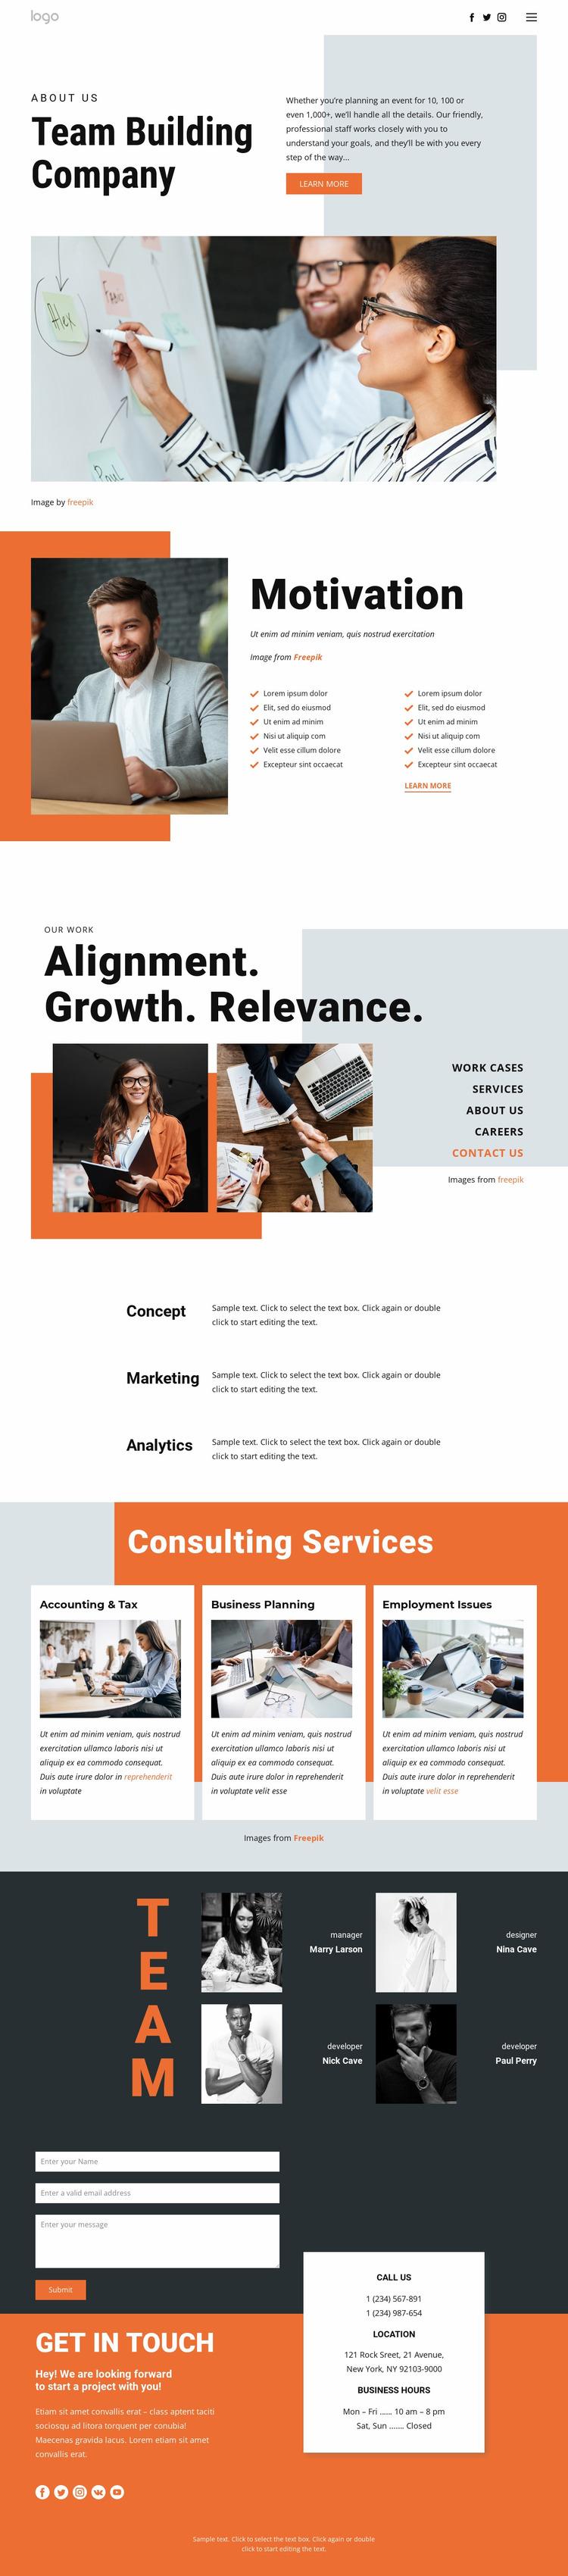 Team building for business Website Mockup
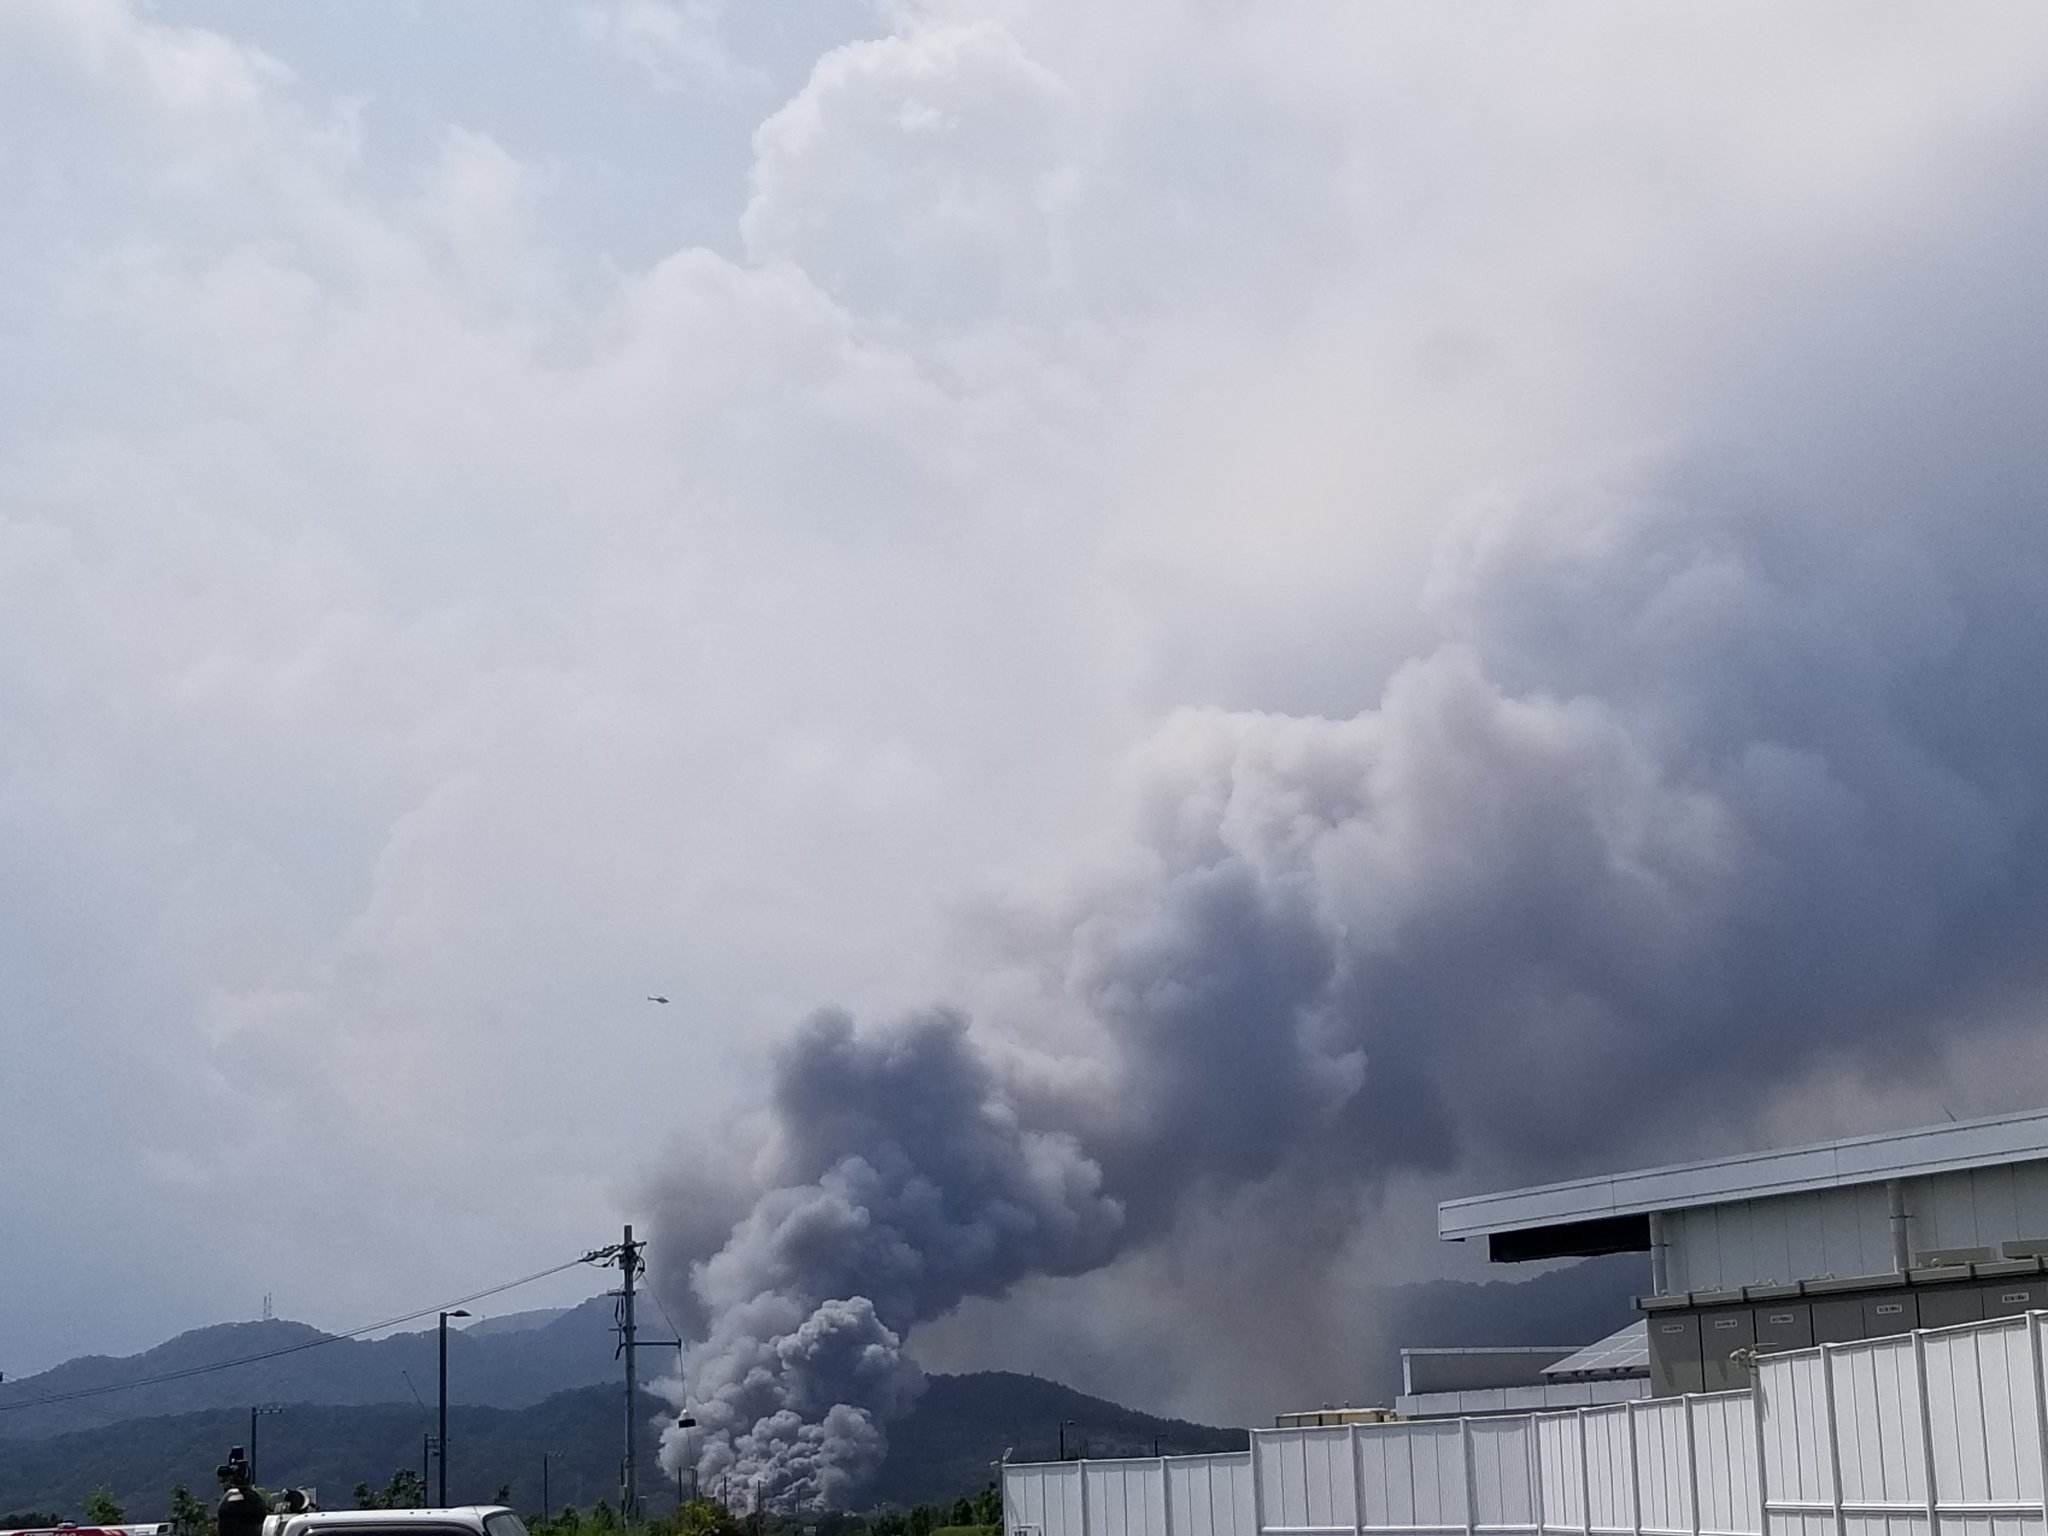 浜松市北区都田町で火事が起きている現場の画像
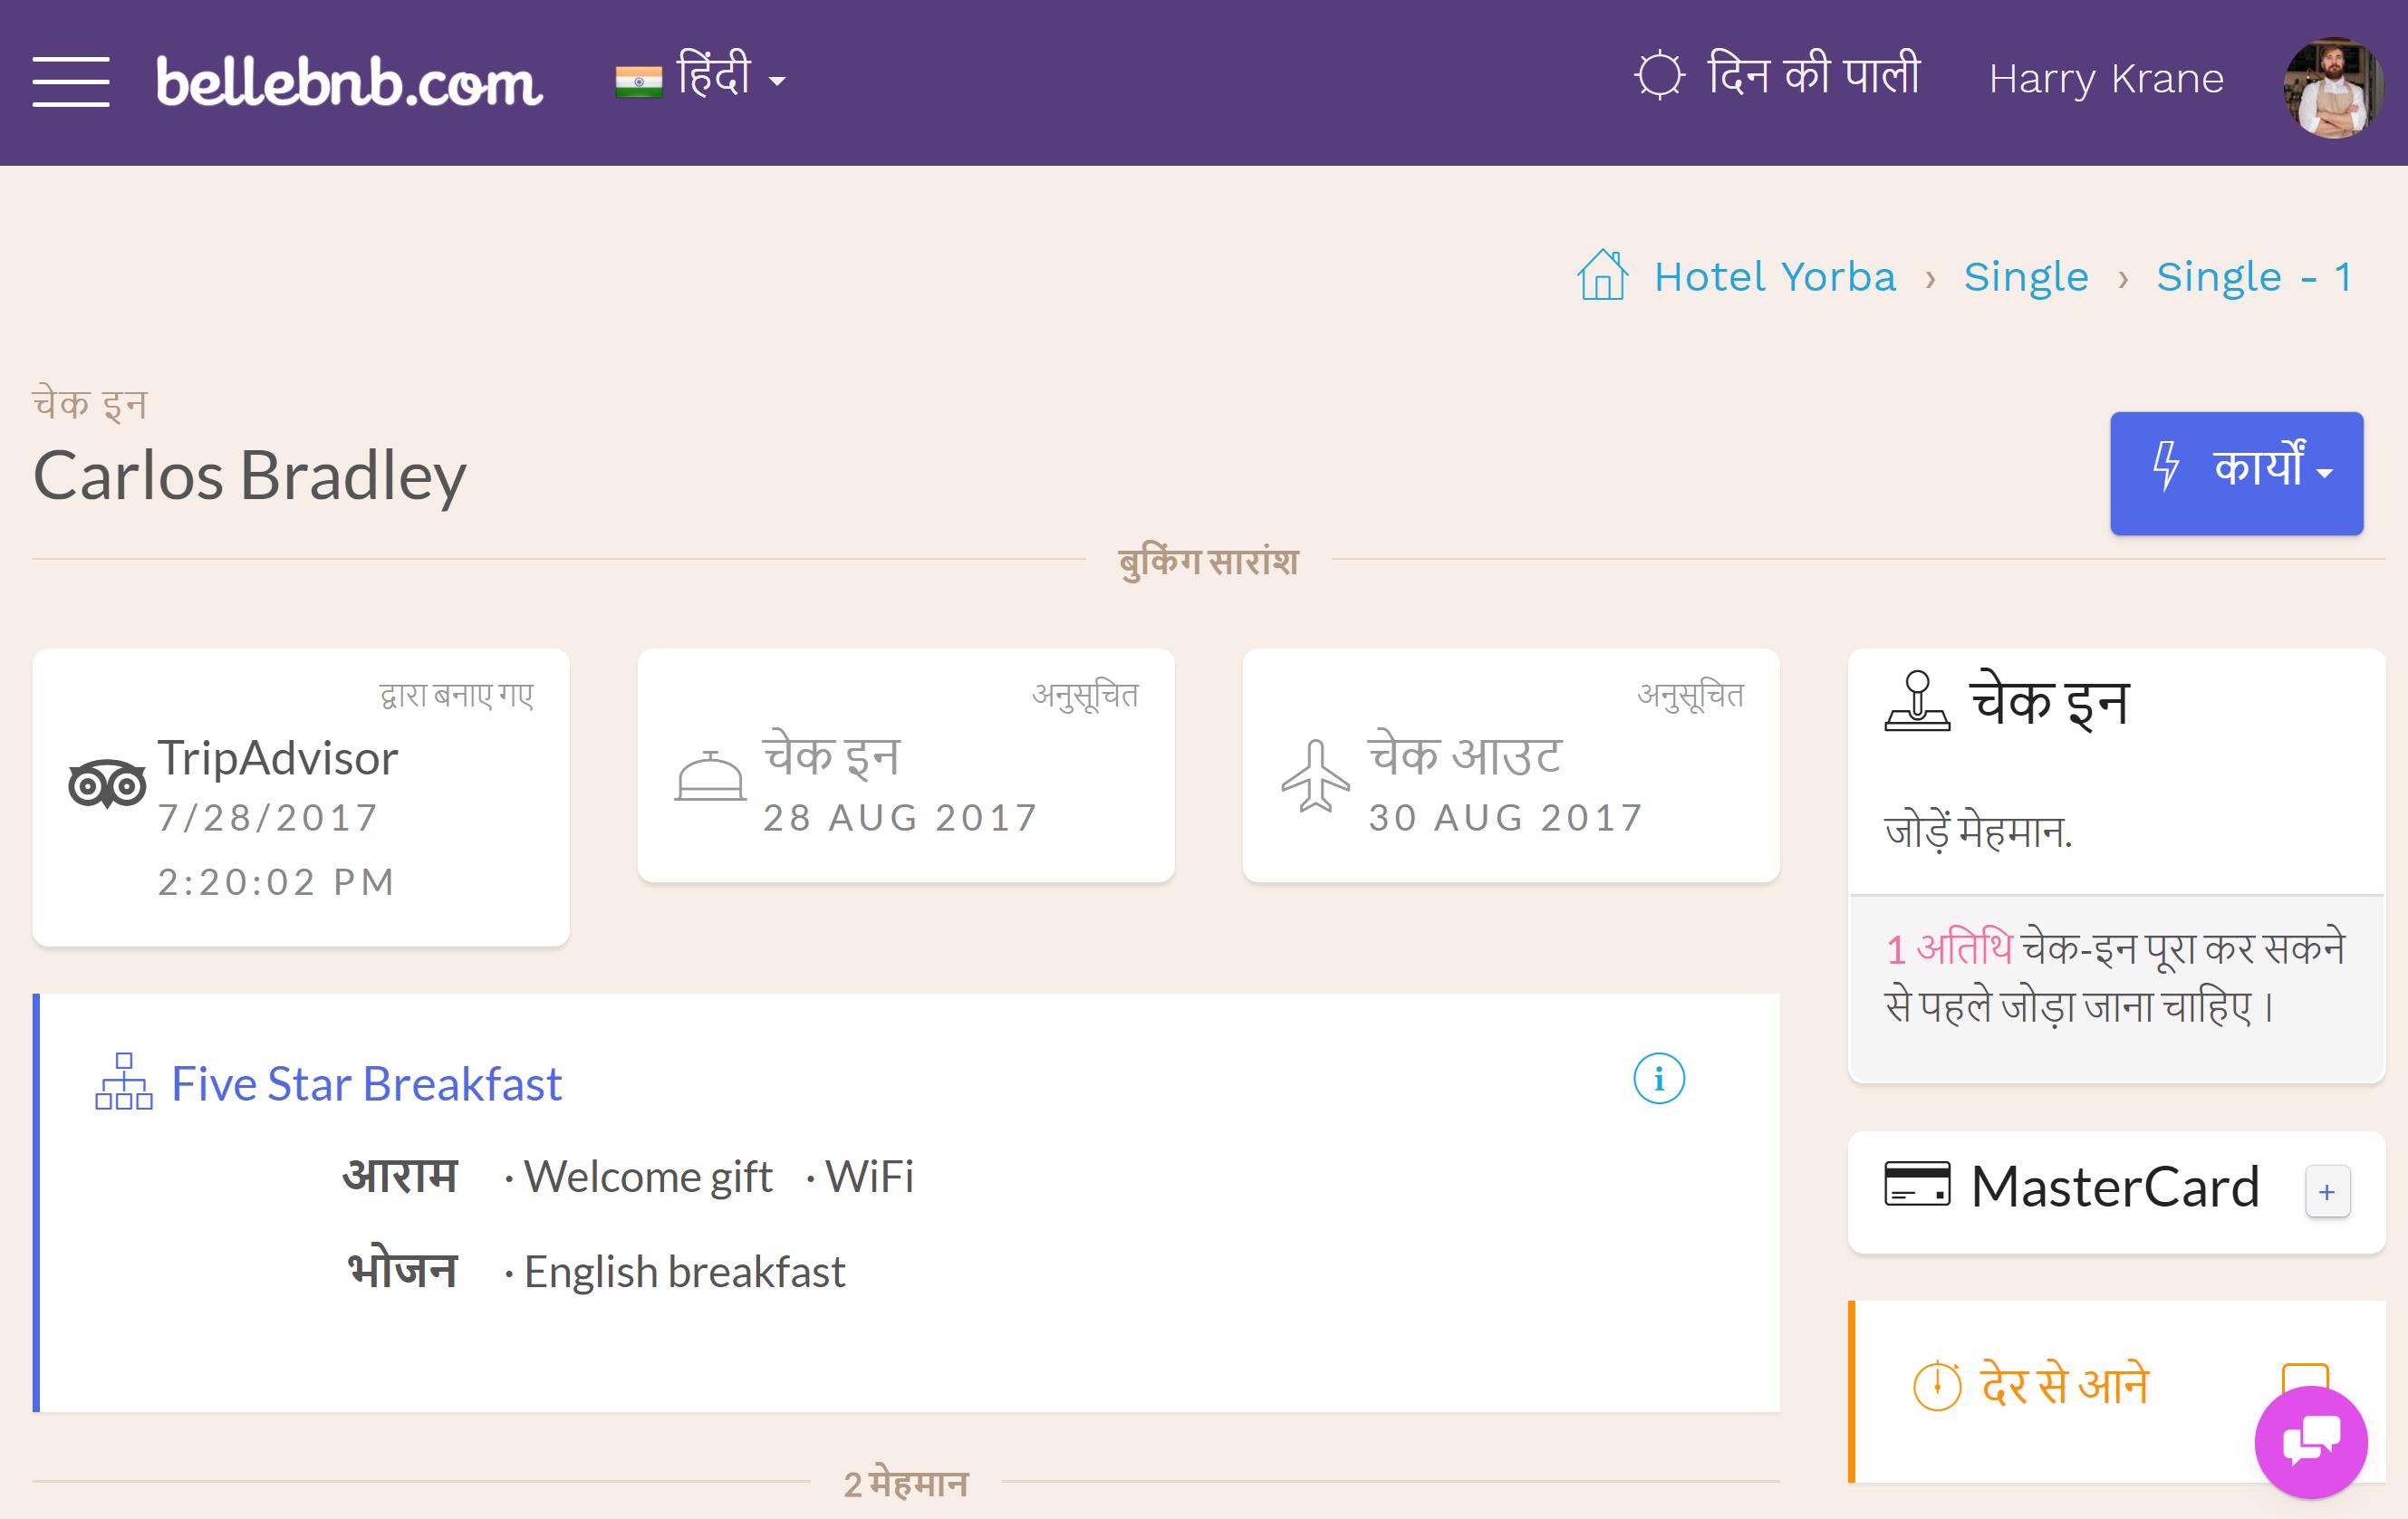 Le moteur de réservation de l'hôtel PMS Software, y compris le concierge Il est maintenant encore plus facile pour vos invités de commander un service de chambre dans leur propre langue..

**PROBLEM DESCRIPTION:**
Would you copy out every line of the data above exactly, minus the pictures?

**SOLUTION BELOW:**
 Team building for business Website Mockup
 浜松市北区都田町で火事が起きている現場の画像
 Le moteur de réservation de l'hôtel PMS Software, y compris le concierge Il est maintenant encore plus facile pour vos invités de commander un service de chambre dans leur propre langue..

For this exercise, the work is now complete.